Top of Data segment
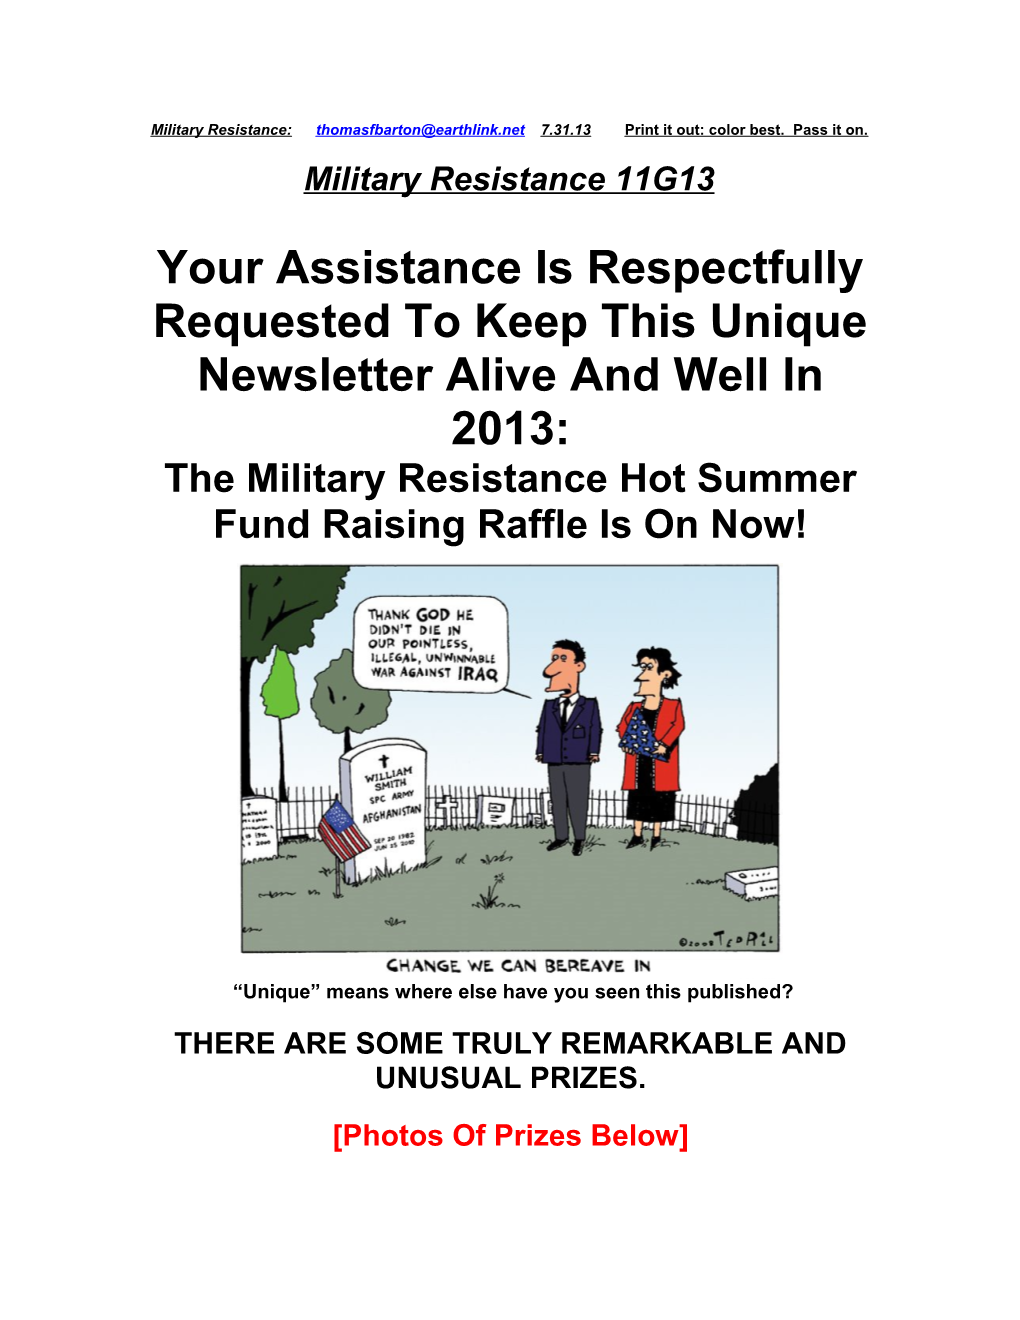 Your Assistance Is Respectfully Requested to Keep This Unique Newsletter Alive and Well
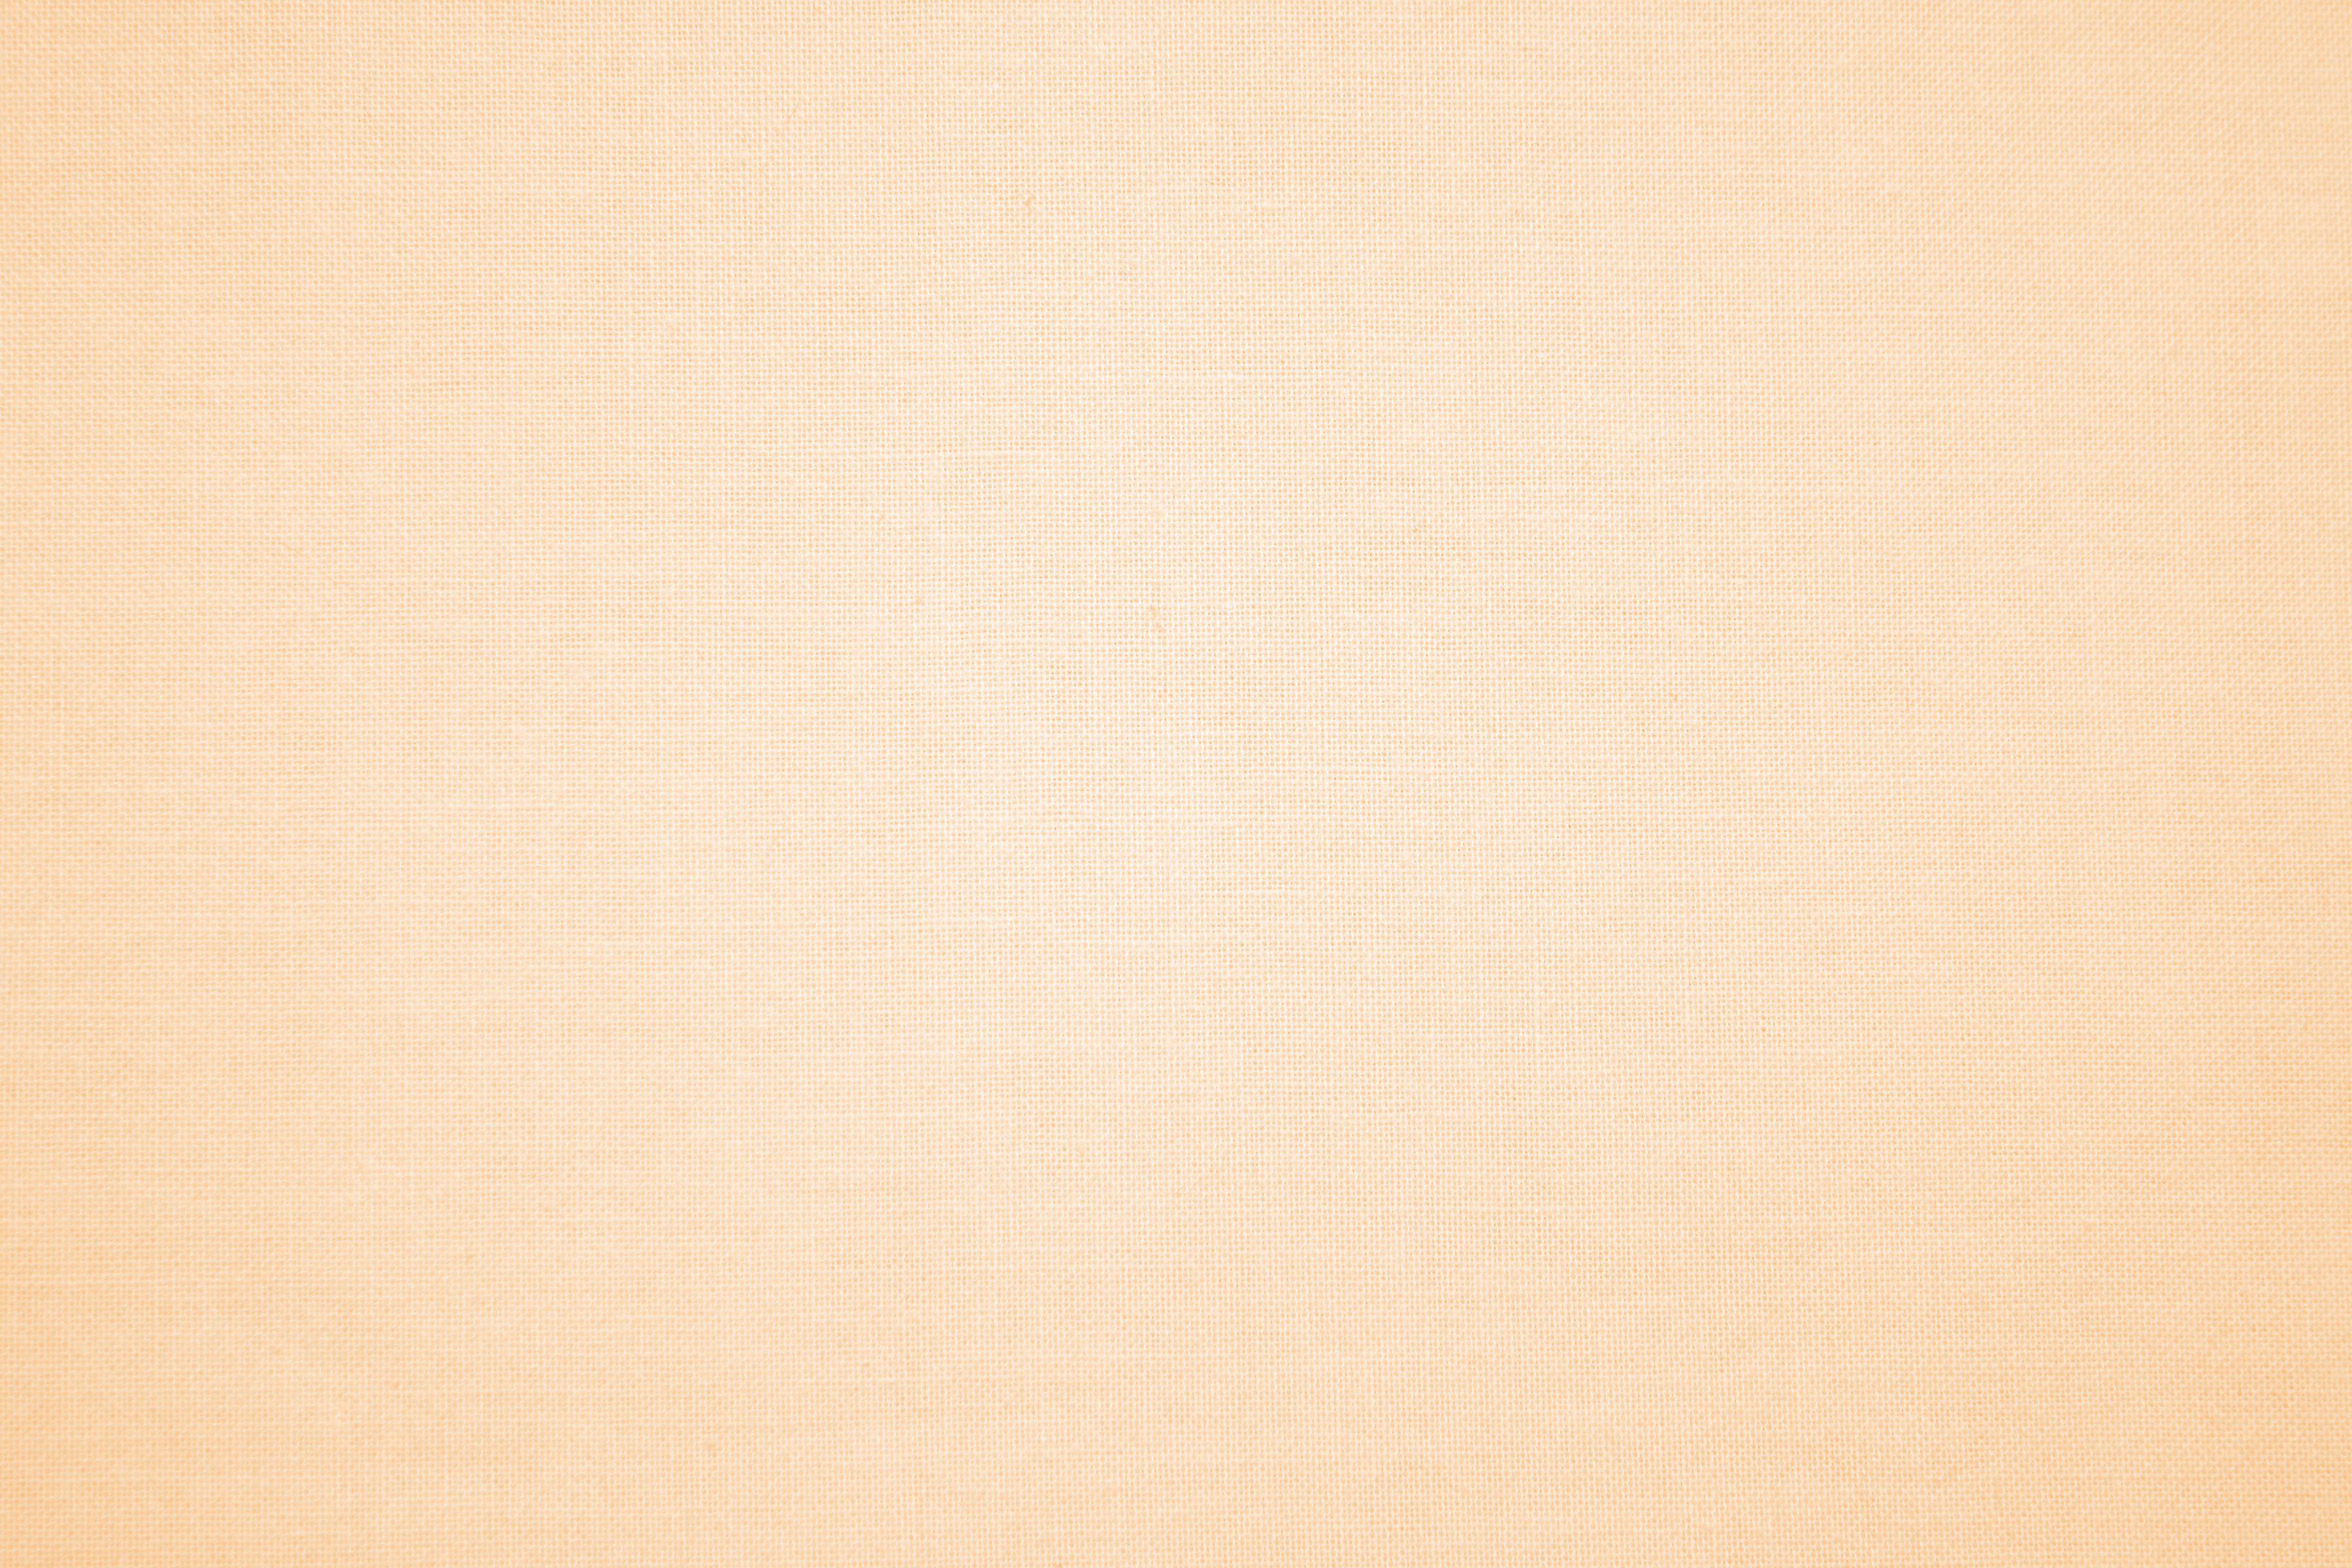 Peach Background   Pix For Web
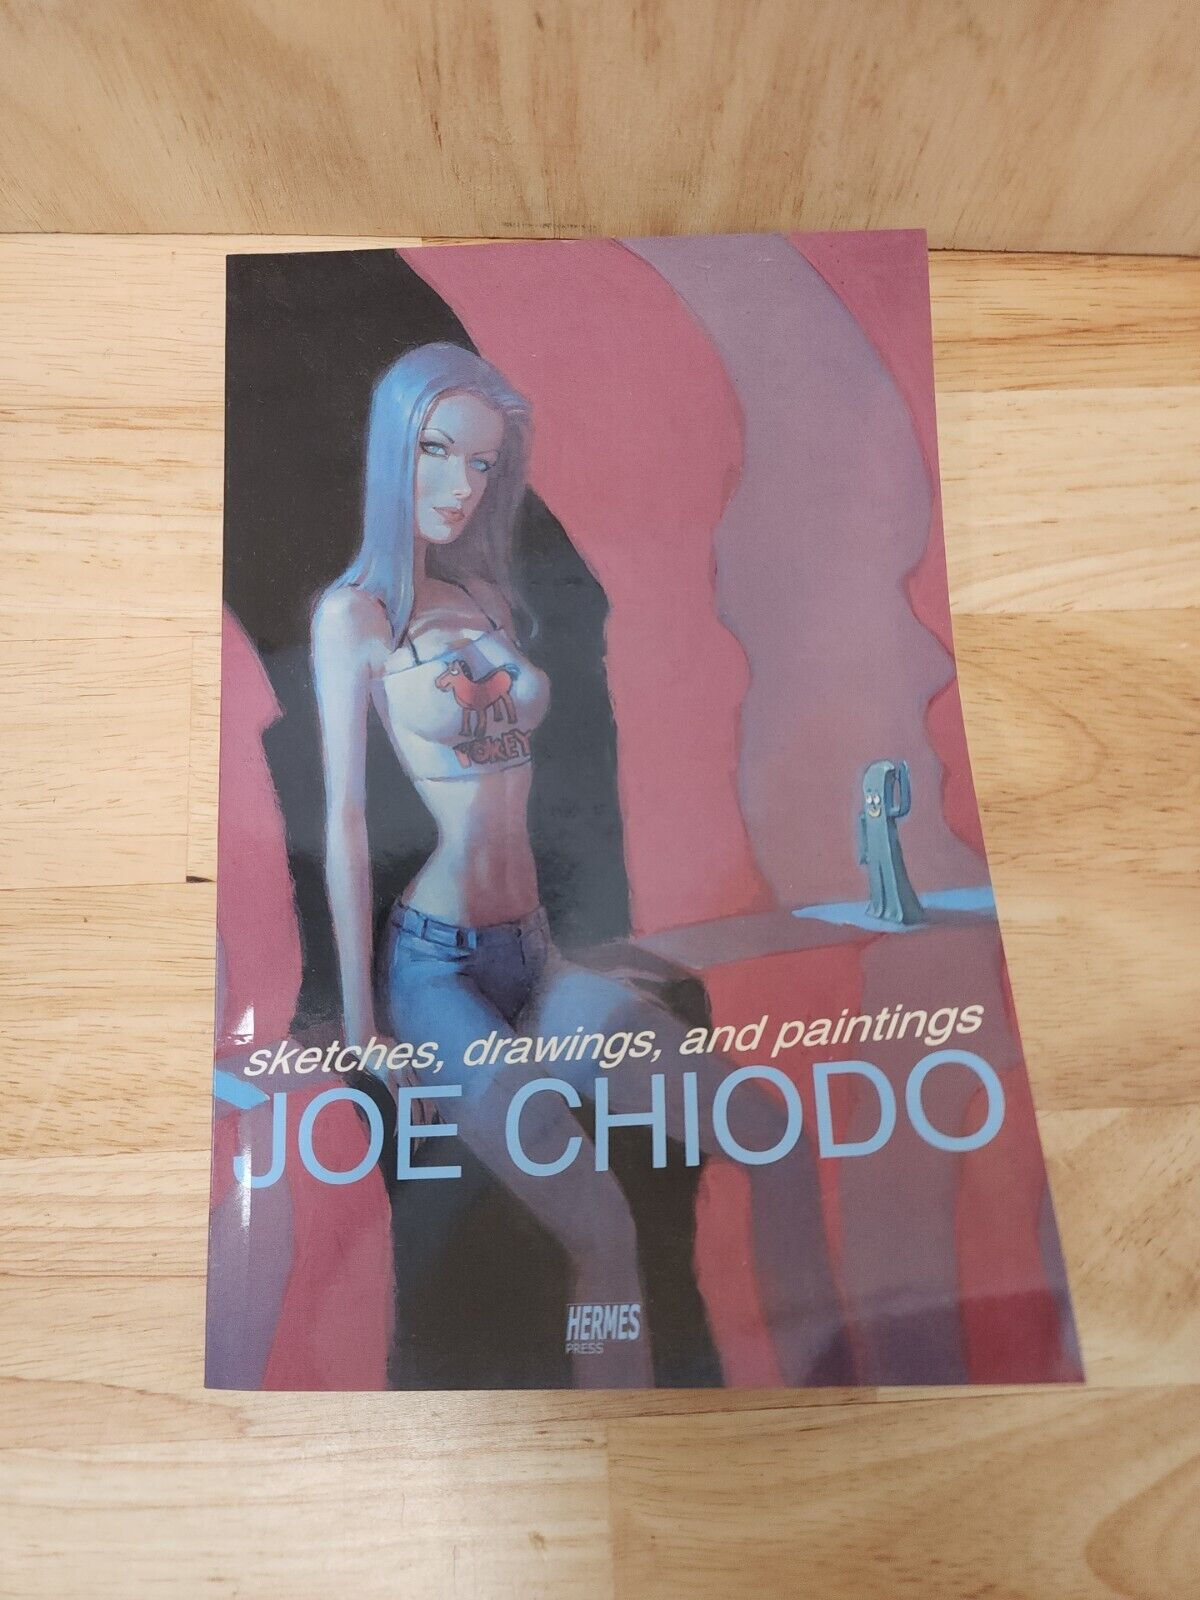 RARE Sketches, Drawings, and Paintings by Joe Chiodo (2006, Trade Paperback)
Bottom of Data segment
__Task objective__
For this exercise, return the material word for word and drop each image.

__Task answer__
 Your Assistance Is Respectfully Requested to Keep This Unique Newsletter Alive and Well
 Peach Background   Pix For Web
 RARE Sketches, Drawings, and Paintings by Joe Chiodo (2006, Trade Paperback)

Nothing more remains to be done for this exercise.